Furthermore, working close to the critical point also poses a problem in a simple recuperated Brayton cycle. The specific heat of CO2 in the low-pressure stream of the recuperator is lower than that in the high-pressure stream, resulting in an imbalanced temperature profile that prevents achieving maximum performance in the heat recovery process. This problem is commonly addressed by dividing the recuperator into two units, leading to the implementation of a re-compression cycle [21].
Based on Figure 3, which illustrates the heat engine employed in this study, the CO2 exiting the turbine (HET) absorbs thermal energy from the molten salts in the molten salt/CO2 heat exchanger (MSHE) (8-9) and transfers it to the cold stream (16-7) in the high-temperature recuperator (HTR), reaching the turbine’s inlet condition. After leaving the HTR, the hot stream once again transfers thermal energy (10-11) in the low-temperature recuperator (LTR) to the cold stream (13-14). Notably, the mass flow rate of the cold stream in the LTR (high-pressure stream) is lower than that of the hot stream (low-pressure stream). This factor is crucial in recompression cycles to achieve balance in the LTR since the high-pressure stream has a higher specific heat than the low-pressure stream. The division of mass flow rate occurs at the inlet (11) of the precooler (PC). Then, the main flow undergoes cooling (11-12) and compression (12-13) in the main compressor (MC), while the remaining flow (14-15) is directly sent to the auxiliary compressor (AC). As this stream is compressed without previous cooling, it reaches an appropriate temperature to be mixed with the cold stream leaving the LTR (14-15-16), forming the cold stream that enters the HTR.
The turbine’s isentropic efficiency is assumed to be 92%, and an efficiency of 88% is considered for both compressors [25]. A temperature approach of 5 K is employed in the HTR and 5.5 K in the LTR. The approach temperature in the MSHE has been set to 10 K. The outlet pressure of the main compressor is set to 300 bar, with an inlet temperature of 35 °C and an inlet pressure of 85 bar. Pressure drops of 2% are considered for each stream of the heat exchangers [21]. Table 2 outlines the characteristics of the state points within the heat engine. To provide a visual representation of these points, Figure 5 illustrates the p-h diagram. Notably, the compression processes within the heat engine exhibit steeper slopes, especially in the main compressor, due to their operation in the proximity to the critical point. It is worth emphasizing that the enthalpy change in the LTR reveals a greater length for the high-pressure stream in comparison with the lower-pressure stream. This discrepancy is a consequence of the lower mass flow ratio in the former, which compensates for its higher specific heat.

2.4. Solar Field

The solar field consists of parabolic trough collectors that use Therminol VP1 [27] as the heat transfer fluid. This choice of fluid is well established and widely adopted for the specific temperature range under consideration [19].
To determine the solar field’s appropriate sizing and nominal performance, the design point has been selected as the 21st of June at solar noon in Seville (Spain). At this point, the direct normal irradiation (DNI) is set to 900 W/m2. The specific type of parabolic trough collector employed is the Eurotrough, detailed in Table 3 [28]. The thermal performance calculation considers the heat losses correlation provided by the manufacturer [29].
Table 3 shows that there are a total number of 78 loops in the system. Each loop comprises 4 collectors, and each collector consists of 10 modules. The overall length of each loop is 490.8 m. Table 4 provides a summary of the key parameters that characterise the nominal performance of each loop.

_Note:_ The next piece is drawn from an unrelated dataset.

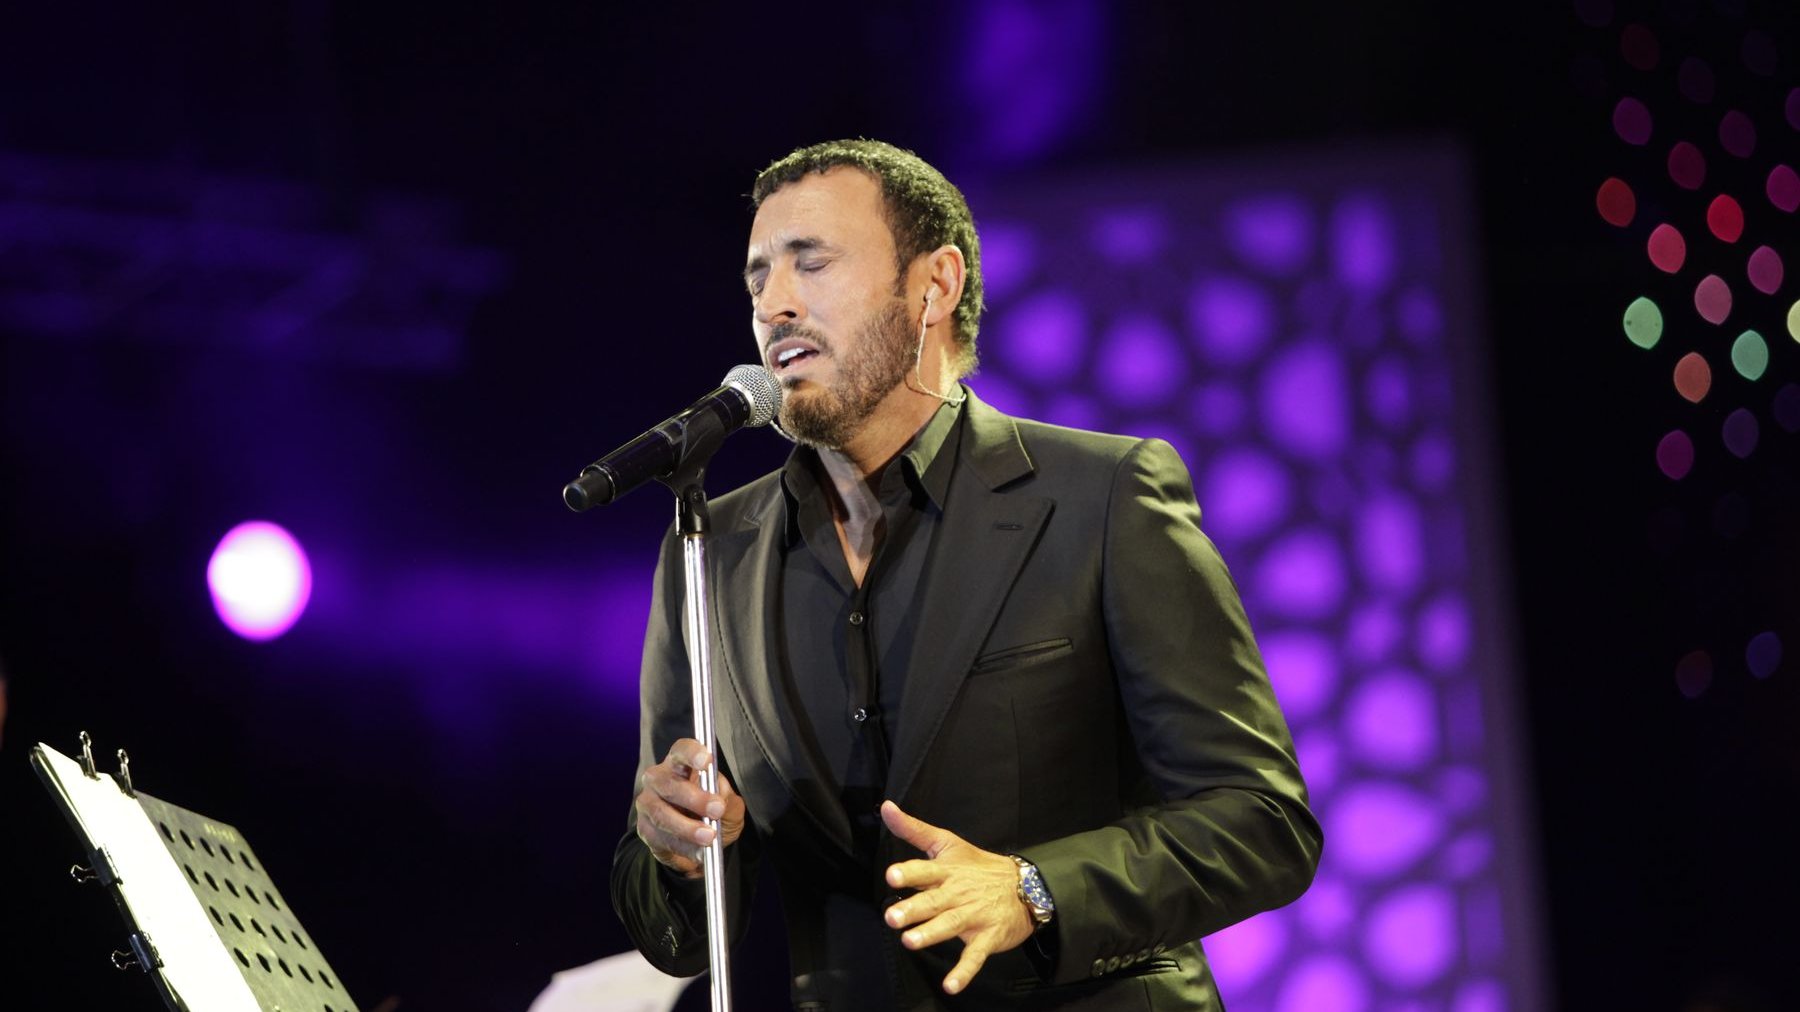 Il chante l'Irak. Un répertoire avec lequel il enchantera, avant Mawazine, le festival des Musiques sacrées de Fès. Et, en 2005, il se verra offrir la clé de la ville marocaine de Fès et deviendra le deuxième artiste, avec le grand artiste syrien Sabah Fakhri, à recevoir cet honneur.

2.5. Sizing of Heat Exchangers

In the heat pump and heat engine, two types of heat exchangers have been used: hybrid (H2X) and printed circuit heat exchangers (PCHE). As explained earlier, H2X prevents potential clogging problems, while PCHEs are commonly employed in S-CO2 applications to withstand high pressure differences.
An iterative design approach has been used to perform the sizing of the heat exchangers, based on the sub-heat exchanger methodology. Sizing calculations are greatly influenced by the significant changes in CO2 properties, particularly when the operating conditions are close to the critical point. This method assumes a continuous variation of properties throughout the sub-heat exchangers that comprise the entire unit [30].
Using the information supplied by the leading manufacturer of the PCHEs [31], the maximum plate size is 600 × 1500 mm. Modules are built with the plates, assuming a core block with a maximum height of 600 mm. This configuration results in a total of 96,000 channels (48,000 per stream). This kind of design comes from the manufacturer [32], and the authors have previously employed it in a CSP project [22]. The channels where the fluid flows are semicircles with a 2 mm diameter and a 2.5 mm pitch. The thickness of the plates is 1.6 mm. Inconel alloy 617 has been recommended for both the receiver (REC) and high-temperature recuperator (HTR) due to the elevated temperatures [33]. Austenitic stainless steel 316L has been selected for the remaining PCHEs.
The overall heat transfer coefficient for each sub-heat exchanger has been evaluated following the methodology described by Dostal [21]. The length of the heat exchanger is determined using the heat transfer across the surface area; consequently, the pressure drop along the entire channel is assessed for every stream. The total number of channels is iterated during the design process until the desired temperatures at each port are achieved. If the calculated maximum pressure drop exceeds or falls below the desired value, the number of tubes increases or decreases accordingly.

2.6. Economic Model

The estimated investment cost (fixed capital investment, FCI, based on [34]) has been determined. The total cost can be split into direct and indirect costs, with indirect costs considered to be 25% of the direct costs. Indirect costs encompass engineering, supervision, construction, and contingencies. Direct costs include on-site costs (piping instrumentation and controls, equipment) and off-site expenses (civil works, land and service facilities). For this study, the off-site costs have been incorporated into the solar field and the storage systems, which are directly accounted for in the direct costs. The remaining portion of the facility’s cost is determined based on the purchased equipment cost (PEC) by multiplying it by a factor of 2.18, taken from a study from Sandia National Laboratory [35] for a recompression Brayton supercritical CO2 cycle of 10 MWe [35]. This study has been also used to estimate the cost of the heat engine and heat pump cycles.
The PCHEs’ costs are obtained by scaling them according to the number of modules. An escalation factor of 0.4 [34] is applied, with a base PEC of USD 5 M for the HTR and REC, and a number of modules of 4.46. For the remaining PCHEs, the base PEC is assumed as USD 3 M and a number of modules of 3.1. These cost figures are based on data from 2013 [35]. The cost difference in the PCHEs is due to the different operating conditions in the HTR and REC and the rest of the PCHEs: the HTR and REC operate at high temperatures, necessitating a high-strength alloy such as Inconel 617. In contrast, the other heat exchangers can be manufactured using a standard SS 316 material [36]. The sizing of the H2X heat exchangers has yet to be investigated. Instead, the specific cost (USD/kW) obtained for PCHEs within a similar temperature range has been considered to estimate the investment required.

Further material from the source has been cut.